Take the customized abstract we constructed again in Step 3 and gown it up:
from great_tables import GT, md
numeric = df.select_dtypes("quantity")
stats = (numeric.agg(["mean", "median", "std", "min", "max"]).T
.rename_axis("measurement").reset_index())
stats["missing_pct"] = df[numeric.columns].isna().imply().mul(100).values
desk = (
GT(stats, rowname_col="measurement")
.tab_header(title="Penguin Physique Measurements",
subtitle="Descriptive statistics, Palmer Archipelago")
.fmt_number(columns=["mean", "median", "std", "min", "max"], decimals=1)
.fmt_percent(columns="missing_pct", decimals=1, scale_values=False)
.data_color(columns="std", palette="Blues")
.tab_source_note(md("Supply: *palmerpenguins* dataset (Horst et al.)."))
)
A number of issues are taking place right here. fmt_number and fmt_percent deal with show formatting so that you by no means hand-round once more. data_color applies a coloration gradient to the std column, drawing the attention to essentially the most variable measurements. tab_header and tab_source_note add the title and attribution that make a desk look completed.
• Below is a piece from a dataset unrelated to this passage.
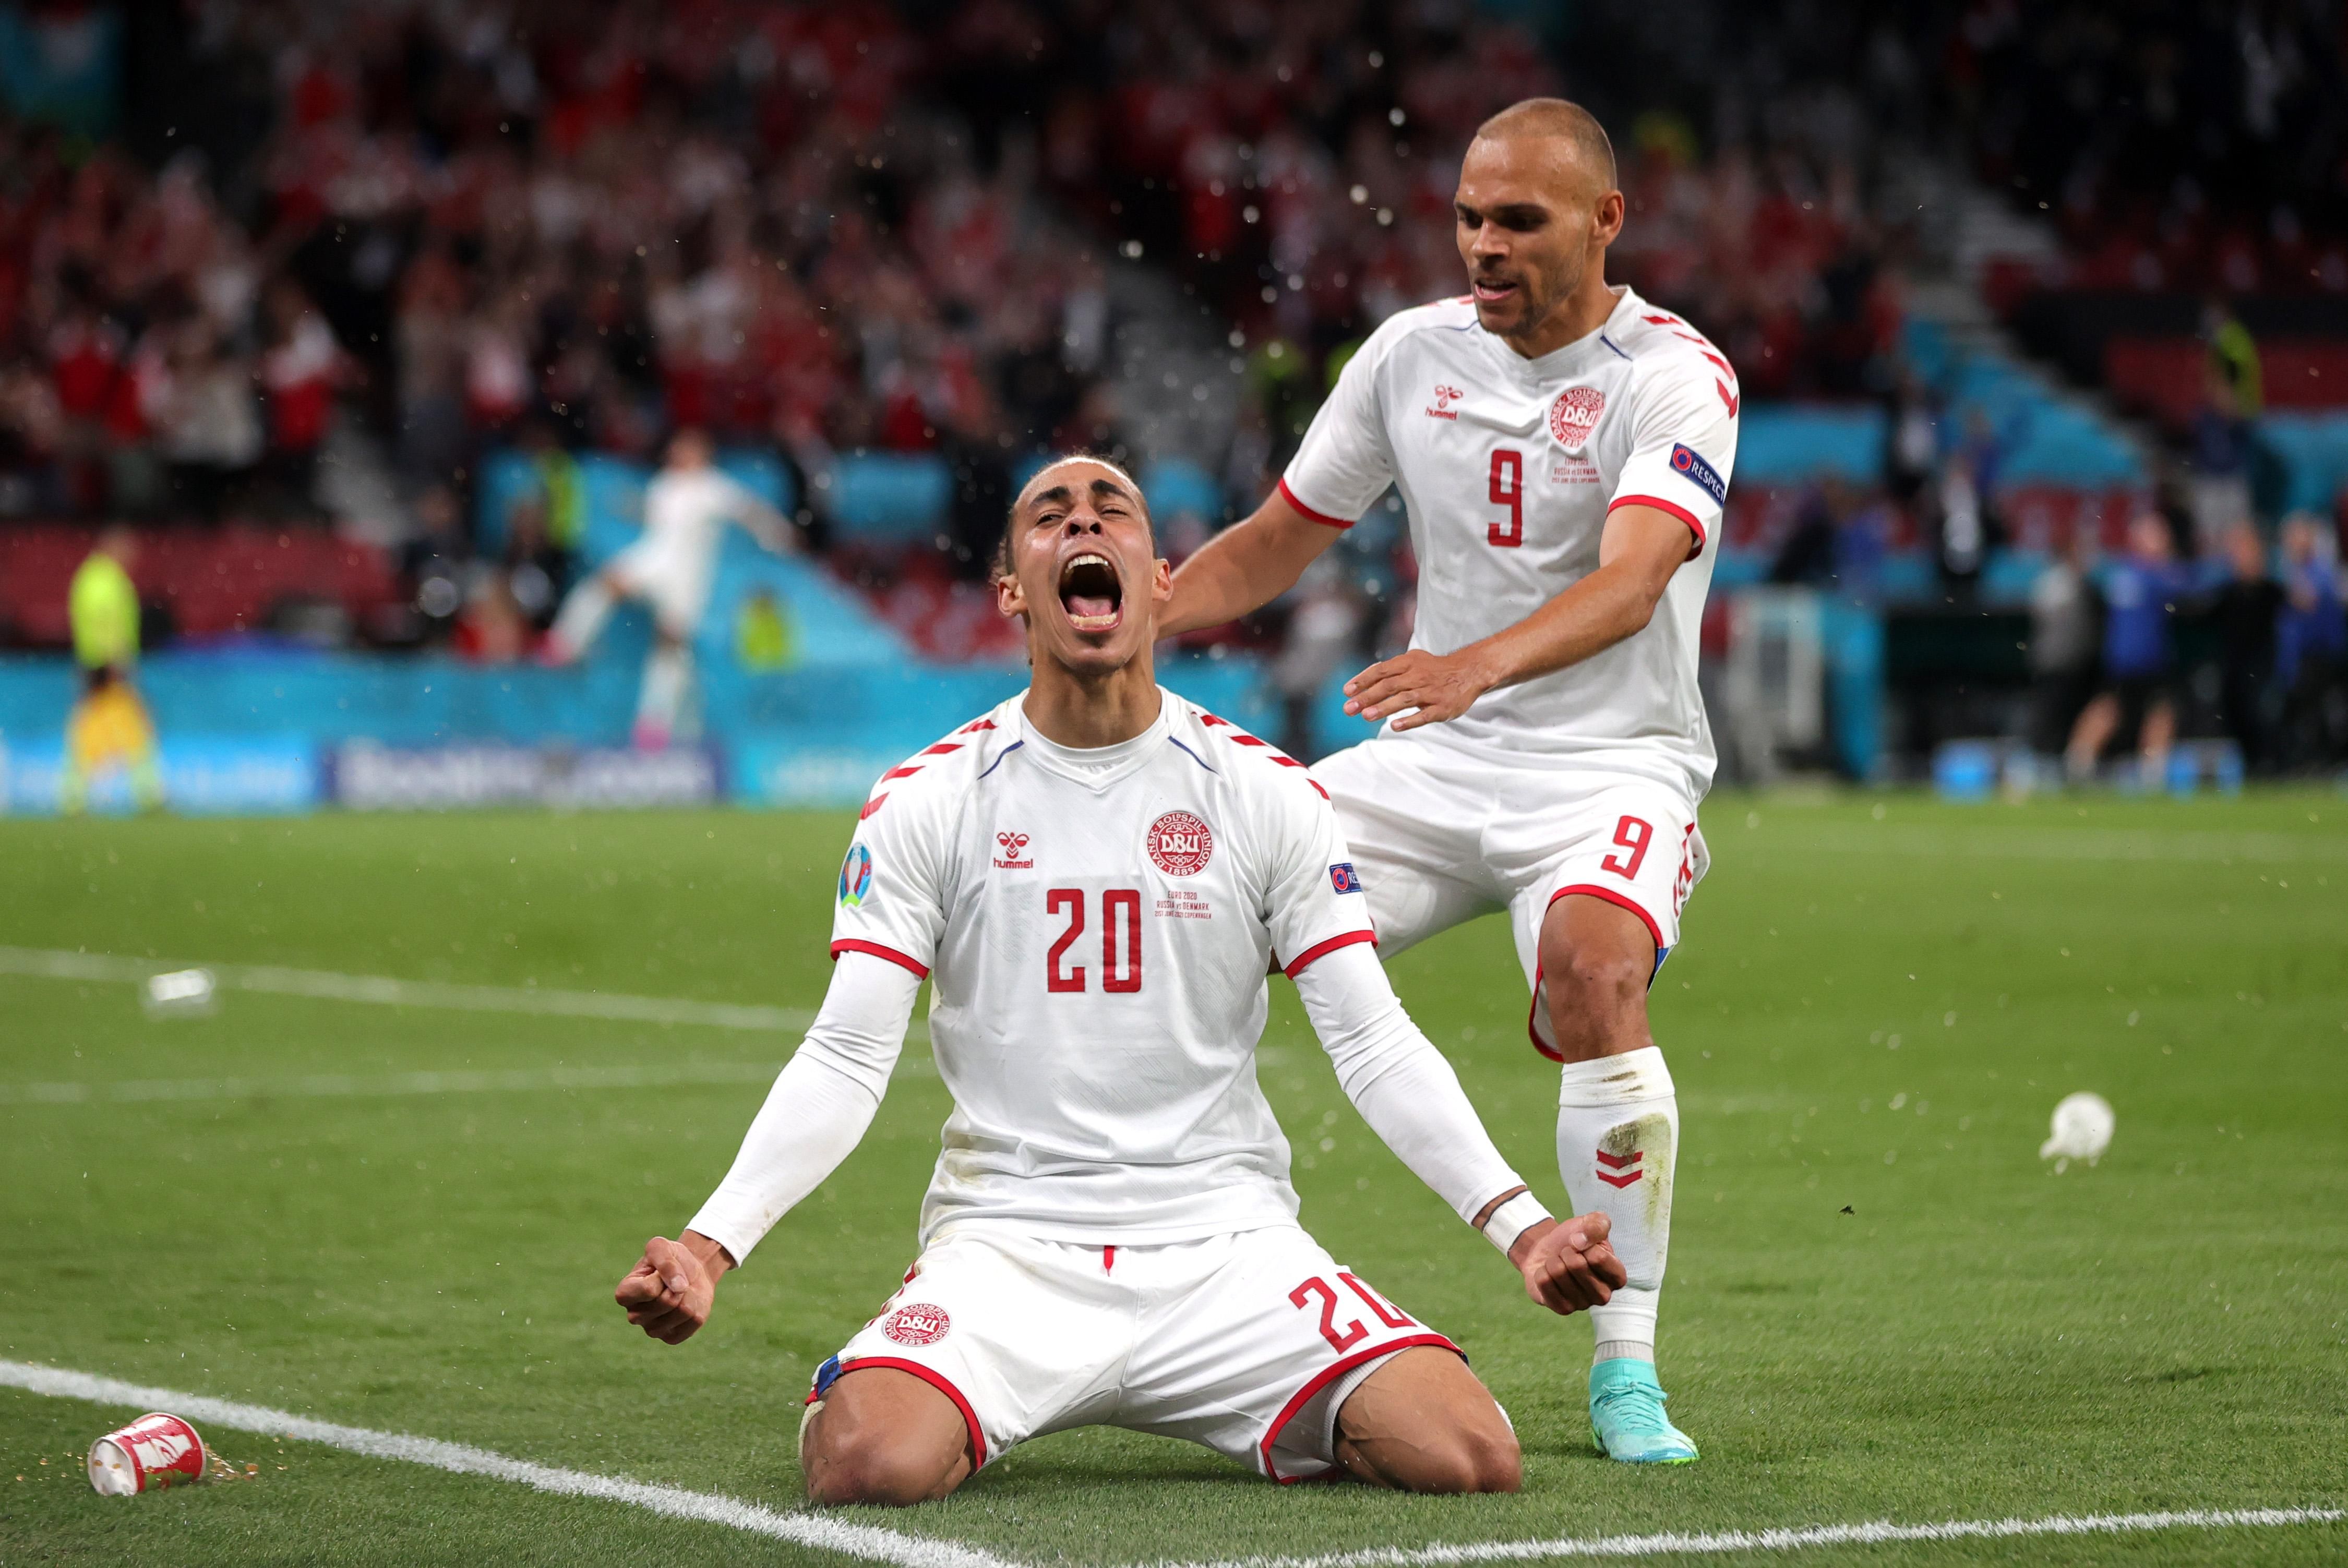 Юссуф Поульсен забив гол у матчі Росія - Данія на Євро-2020

There’s lots extra — column spanners, conditional styling, even inline sparklines — however even this a lot produces one thing you’d fortunately put in entrance of stakeholders.
To make use of the consequence, render to an HTML string (works anyplace, no additional dependencies):
html = desk.as_raw_html()
with open("summary_table.html", "w") as f:
f.write(html)

The styled Nice Tables output
# Tying It Collectively: One Perform, Each Time
The entire level of automation is repeatability. Wrap the pipeline so the following dataset is a single name:
from great_tables import GT, md
def descriptive_report(df, decimals=1):
numeric = df.select_dtypes("quantity")
stats = (numeric.agg(["count", "mean", "median", "std", "min", "max"]).T
.rename_axis("variable").reset_index())
stats["missing_%"] = df[numeric.columns].isna().imply().mul(100).values
return (
GT(stats, rowname_col="variable")
.tab_header(title="Descriptive Statistics",
subtitle=f"{len(df):,} rows x {df.form[1]} columns")
.fmt_integer(columns="rely")
.fmt_number(columns=["mean", "median", "std", "min", "max"], decimals=decimals)
.fmt_percent(columns="missing_%", decimals=1, scale_values=False)
.data_color(columns="std", palette="Blues")
.tab_source_note(md("Generated routinely with pandas + Nice Tables."))
)
descriptive_report(df) # level it at any DataFrame
That is the distinction between a snippet and a instrument: you write it as soon as and reuse it on each dataset that lands in your desk.
# Wrapping Up
Descriptive statistics do not need to be a chore you re-implement on each mission. The ladder we climbed has a rung for each state of affairs:
- Pandas
describe()and.agg(): Zero dependencies, excellent for fast checks and customized summaries. - skimpy: A richer console abstract with histograms and missing-data percentages, in a single name.
- fg-data-profiling: An entire interactive HTML report if you want the total exploratory knowledge evaluation (EDA) image.
- tableone: The stratified “Desk 1” with p-values and SMDs for analysis papers, with one-line export to LaTeX, HTML, and CSV.
- Nice Tables: Polished, publication-quality styling for any abstract you’ve got produced.
Decide the lightest instrument that solutions your query. For a five-second sanity test, describe() wins. For a manuscript, tableone and Nice Tables earn their hold. And when you wrap your favourite mixture in a operate, you cease doing descriptive statistics and begin operating them — which is strictly the place you need to be so you possibly can spend your time on the evaluation that truly requires your mind.
Kanwal Mehreen is a machine studying engineer and a technical author with a profound ardour for knowledge science and the intersection of AI with drugs. She co-authored the e-book “Maximizing Productiveness with ChatGPT”. As a Google Era Scholar 2022 for APAC, she champions variety and tutorial excellence. She’s additionally acknowledged as a Teradata Range in Tech Scholar, Mitacs Globalink Analysis Scholar, and Harvard WeCode Scholar. Kanwal is an ardent advocate for change, having based FEMCodes to empower ladies in STEM fields.